Start with simple tasks. For example start with the goal of printing all the records that belong to group1.
Reply
#13
(Jan-10-2019, 08:03 PM)buran Wrote: Note that reorder codes in these dummy data are unique, i.e. no repeat values. In the previous file there were repeated values. That may affect implementation

I'll add more records so there will be multiples. Thank you.
Reply
#14
Here is sample implementation (actually two, slightly different alternatives) how to read and sort the data. Hope it will kick-start you
Of course plenty can be improved.

from collections import defaultdict
from collections import namedtuple # used in OPTION 2
from openpyxl.reader.excel import load_workbook

filename = 'Example.xlsx'
wb = load_workbook(filename)
ws = wb.active

# read header and all data in two variables -> header and data
# Note the asteriks in frot of data
# This way data will hold everything except the first element in ws.values

header, *data = ws.values



# OPTION 1
print('\n\nOPTION 1 output')
# parse data into groups
groups = defaultdict(list)

for row in data:
    group = row[-1][-1]
    groups[group].append(row)

#print each group in desired order
for group, rows in sorted(groups.items()):
    print('\n\nGroup {}\n---------------\n'.format(group))
    for row in sorted(rows, key=lambda x: x[-1][:-1]):
        print(row)


# OPTION 2
print('\n\nOPTION 2 output')

# parse data into groups
groups = defaultdict(list)

# define namedtuple
fields = ('cust', 'first_name', 'last_name', 'full_name', 'reorder')
Record = namedtuple('Record', fields)

for row in data:
    # parse each row into Record namedtuple
    record = Record(*row)
    group = record.reorder[-1] # last char in the recorder property in the record
    groups[group].append(record)

#print each group in desired order
for group, records in sorted(groups.items()):
    print('\n\nGroup {}\n---------------\n'.format(group))
    for record in sorted(records, key=lambda rec: rec.reorder[:-1]):
        print(record)
OUTPUT:
If you can't explain it to a six year old, you don't understand it yourself, Albert Einstein
How to Ask Questions The Smart Way: link and another link
Create MCV example
Debug small programs

Reply
#15
Ok, I've modified it so that there are four of every Reorder value. Thank goodness for online random name generators! :) Not something I'd ever thought of googling before today.
Reply
#16
Gribouillis,

I had some success implementing the sample code you gave. I can now get a list of the data, with the len equaling the number of rows! Thank you!

buran
I'm going to go through your examples line by line and see what I can understand. I'll post back about anything I don't understand so that I can learn, if that's ok.
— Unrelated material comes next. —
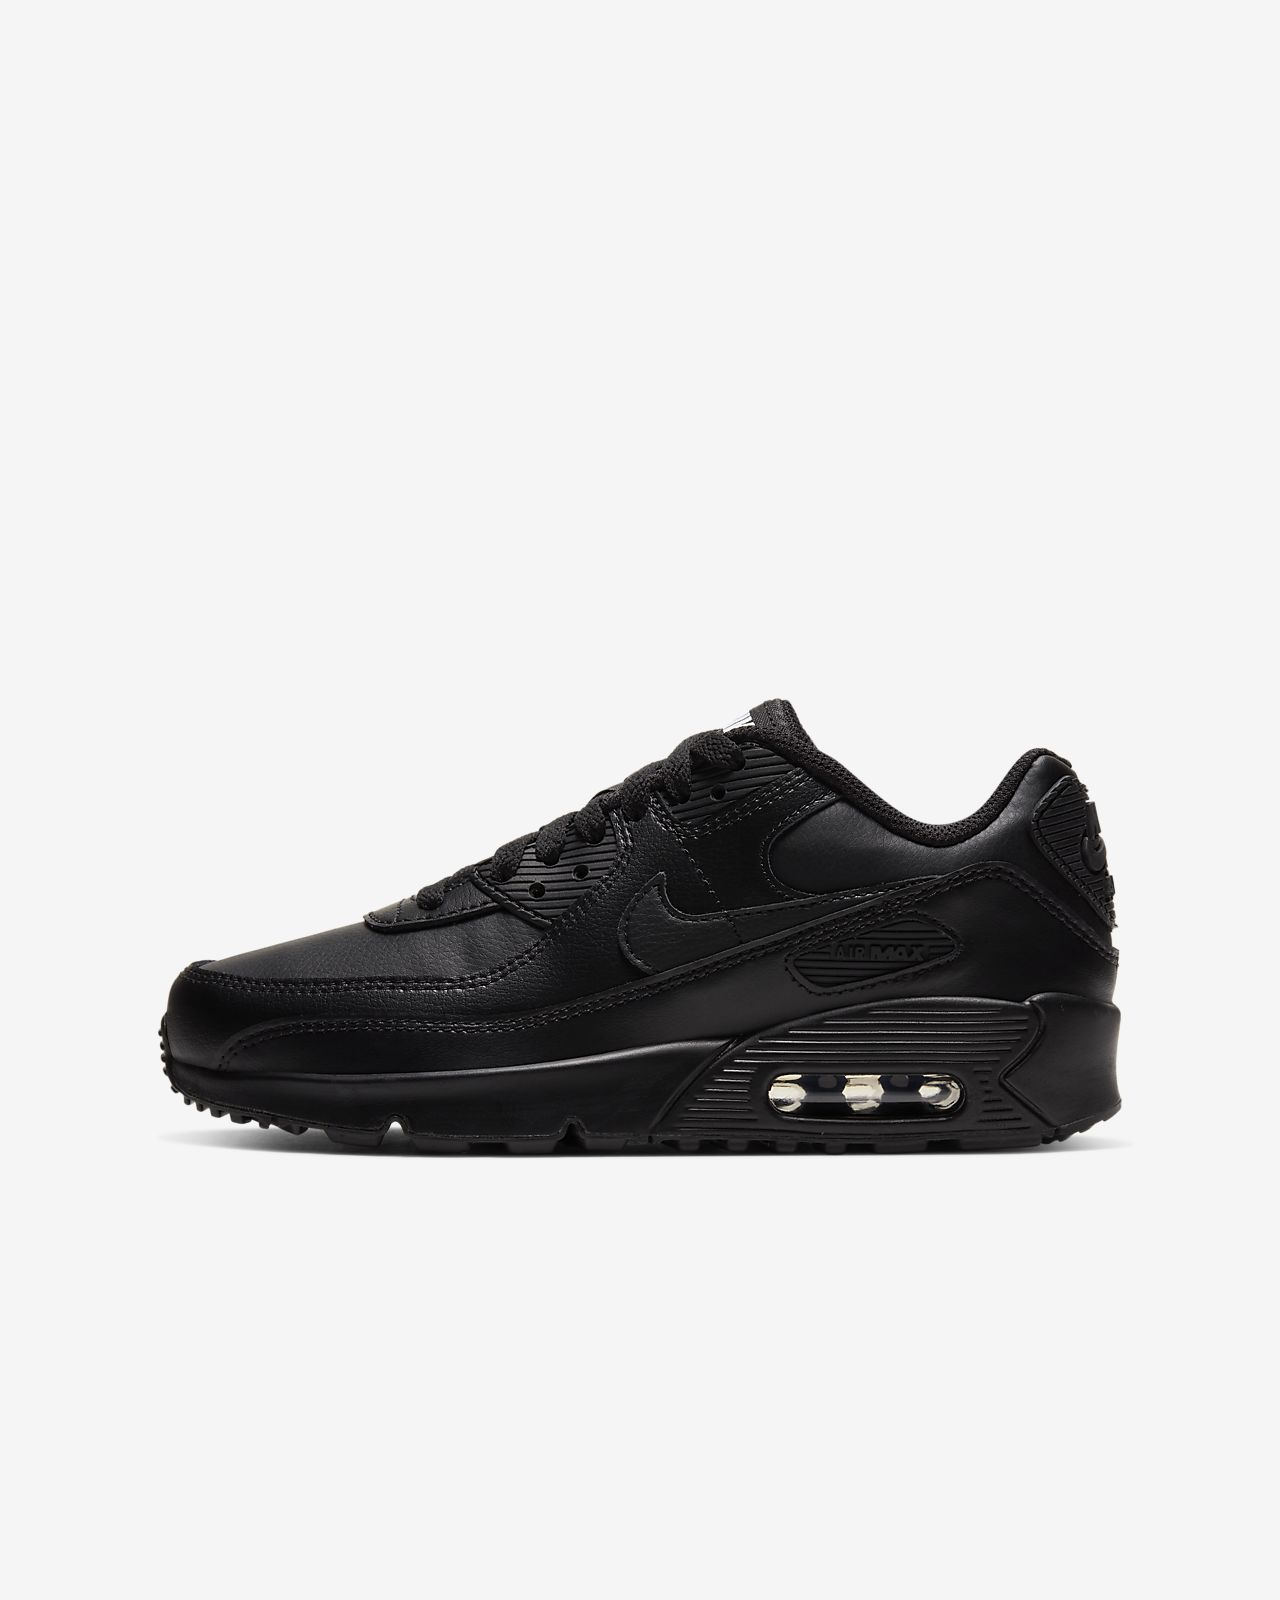 Details zu Neu Schuhe NIKE AIR MAX 90 LEATHER Herren Turnschuhe EXCLUSIVE Sneaker ORIGINAL

To all - what is the difference I see in some places between something like:

import openpyxl

and

from openpyxl import load_workbook

and

from openpyxl.reader.excel import load_workbook

??
Reply
#17
Both are the same. If you look at the docs or at the source code you will see that openpyxl package is organised in sub-packages. One of these sub-packages is openpyxl.reader. in sub-package openpyxl.reader there is module excel.py and load_workbook() function is part of this module.
So using from openpyxl.reader.excel import load_workbook is very explicit from where you import it.

At the same time the __init__.py file for top-level openpyxl package
imports the load_workbook() effectively exposing it and makes it possible to use from openpyxl import load_workbook or if you do just import openpyxl to use wb = openpyxl.load_workbook(some_file)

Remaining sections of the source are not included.